What she did she did deliberately, and she never said she was sorry.
Somebody turned the wick of the lamp up too high and it made a fine layer of soot over everything. He expected her to burst into tears and start taking down the front-room curtains. Instead she laughed.
He asked her to go with him to see his parents and she refused. "But if you don't come they'll think we aren't getting along."
"Which is only the truth."
"They've had enough trouble in their lives. I don't want to add to it."
"You won't be," she said. "They know. Everybody knows. That's all people have to think about."
Since there was work to be done outside, he gave up and reached for his jacket.
All his socks had holes in them. The strawberry bed was loaded with fruit and she didn't bother to pick it. She left the beans on the vines until they were too big to eat. He no longer had a wife—only a prisoner.
Unwatered too long, the Christmas cactus in the front window died and ended up on the rubbish pile. When it was time for her plate of scraps the dog came and wolfed them down and then withdrew into her house. The cats followed Fern Smith around, purring as usual, and with their tails straight up in the air. Since they were neither faithful nor obedient themselves they saw no reason why women should be.
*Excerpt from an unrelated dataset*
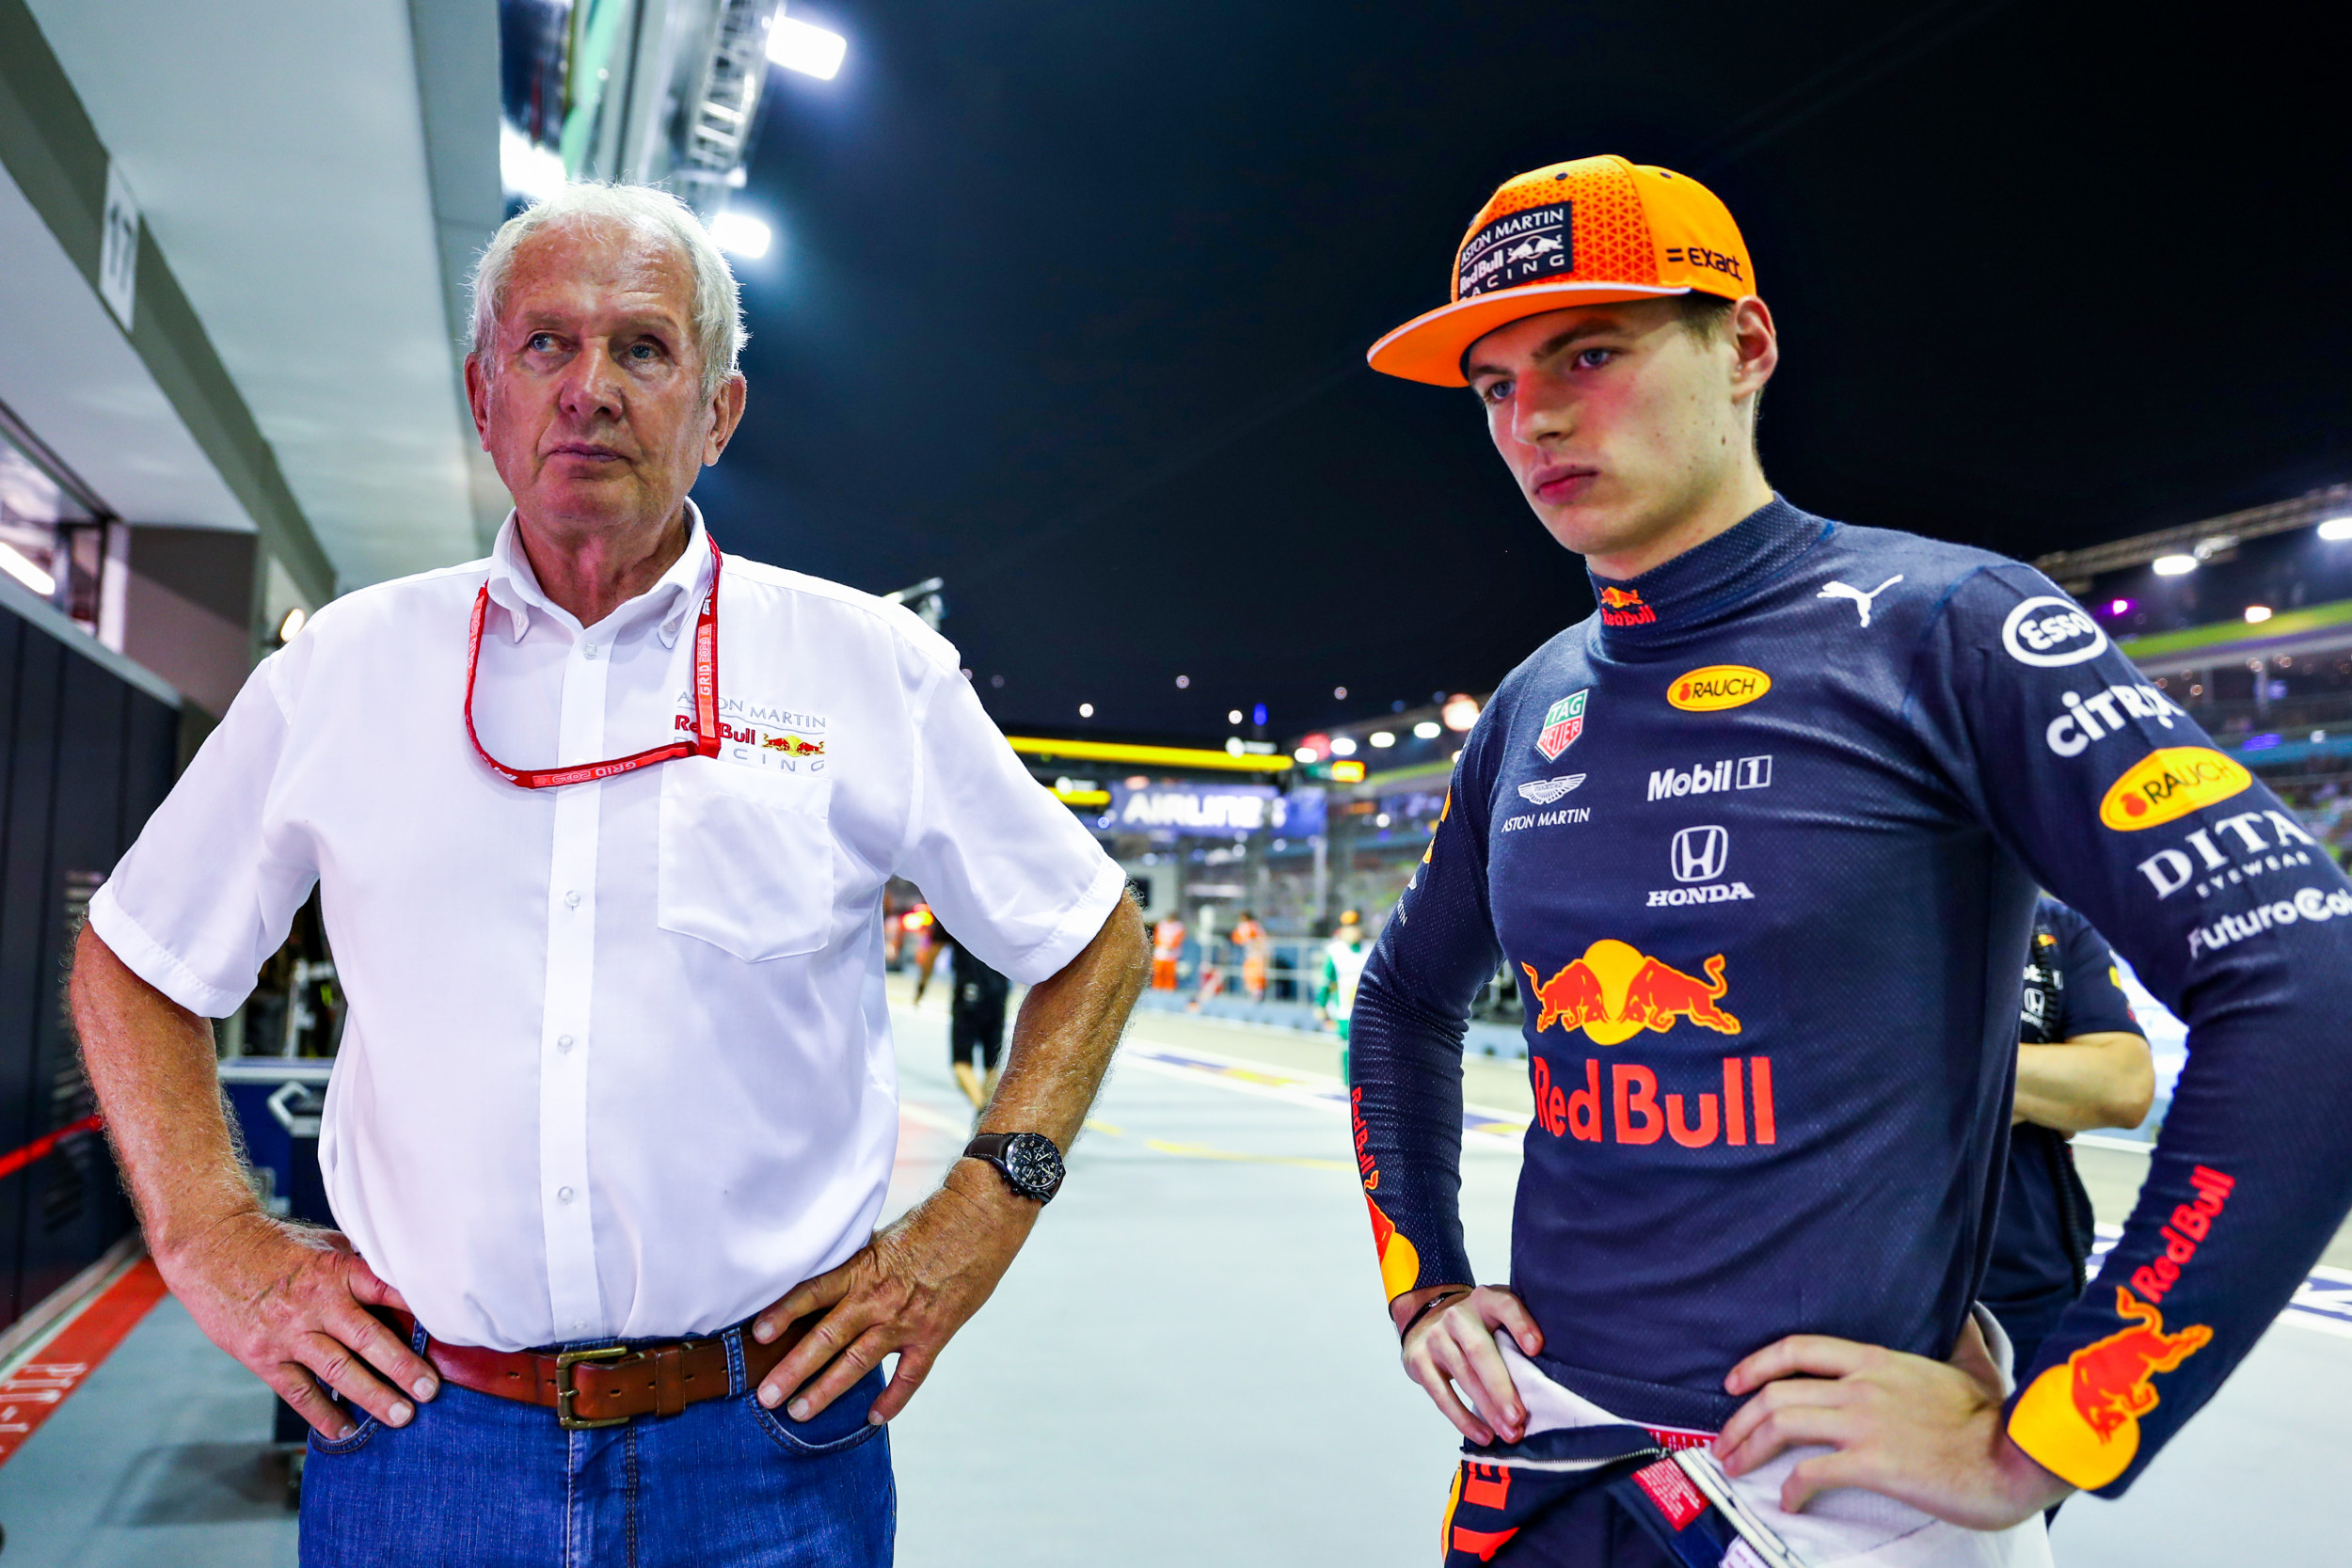 Sanktion scaring fup Red Bull F1 Boss Told Drivers to 'Become Infected With Coronavirus'
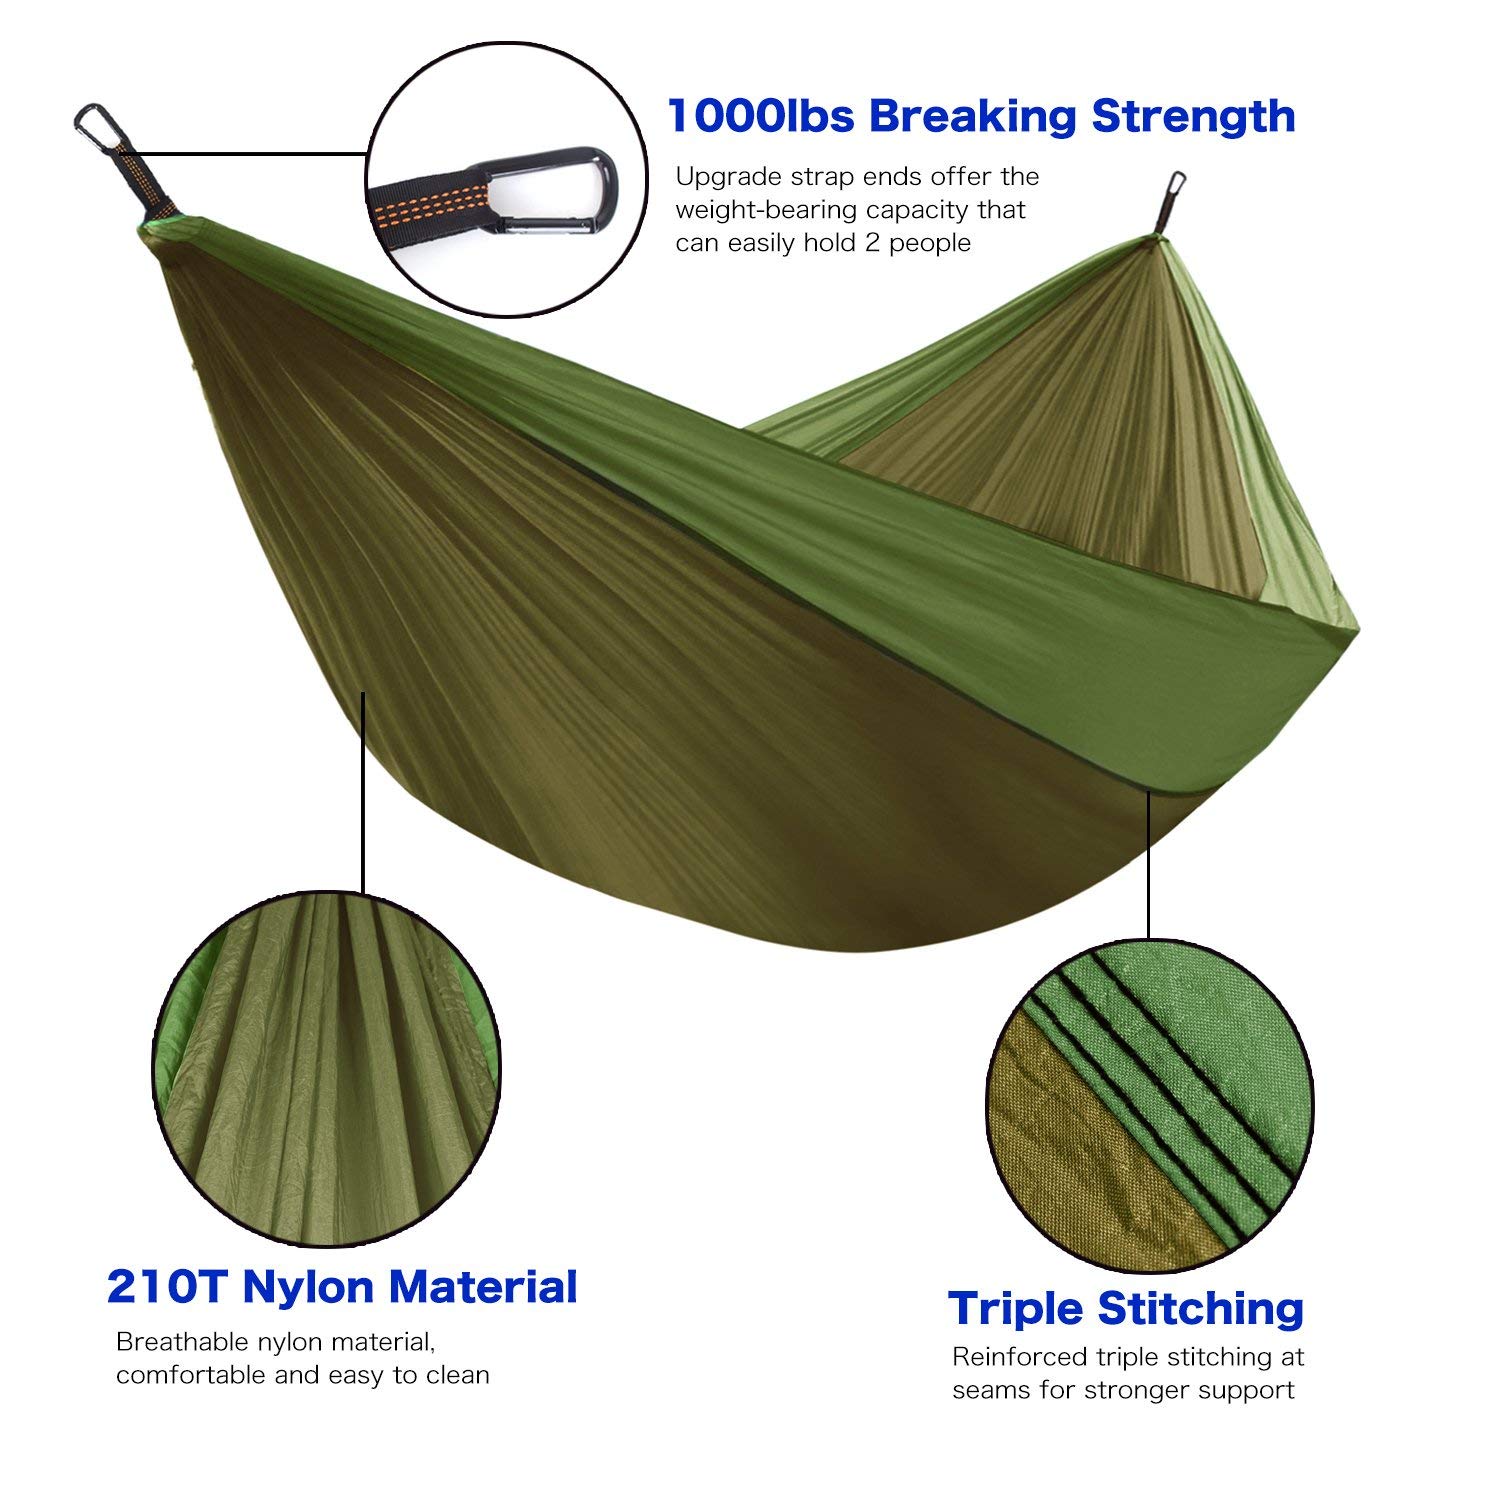 AIOIAI Double Camping Hammock, Portable Lightweight Parachute Nylon Hammock with Tree Straps for Backpacking, Camping, Travel, Beach, Garden

The widow knew that if she talked long enough at Fred Wilson he would have to lower the newspaper that hid his face and listen to her. Whether he wanted to or not. He heard about the habits of her late husband, and the hard life they had had—so much sickness, and losing the farm because they couldn't keep up payments on the mortgage, the younger son, her favorite, dead of a ruptured appendix, the older one who seldom came to see her because his wife made trouble if he did, and the daughter who lived too far away and never wrote except once in a great while, to say that things were not going well with them. In exchange for all this information which he did not particularly want, Fred Wilson felt obliged to tell her something, so he told her about his wife's lingering illness. "Poor thing," she said sympathetically. "But she's better off now. She's out of it at last."
When he said how grateful he was to his nephew for taking him in after she died, the widow said, "But wouldn't you be happier in your own home?"
"I loved my wife too much ever to remarry," he said firmly. He might not be able to read everybody's mind but he had no trouble reading hers.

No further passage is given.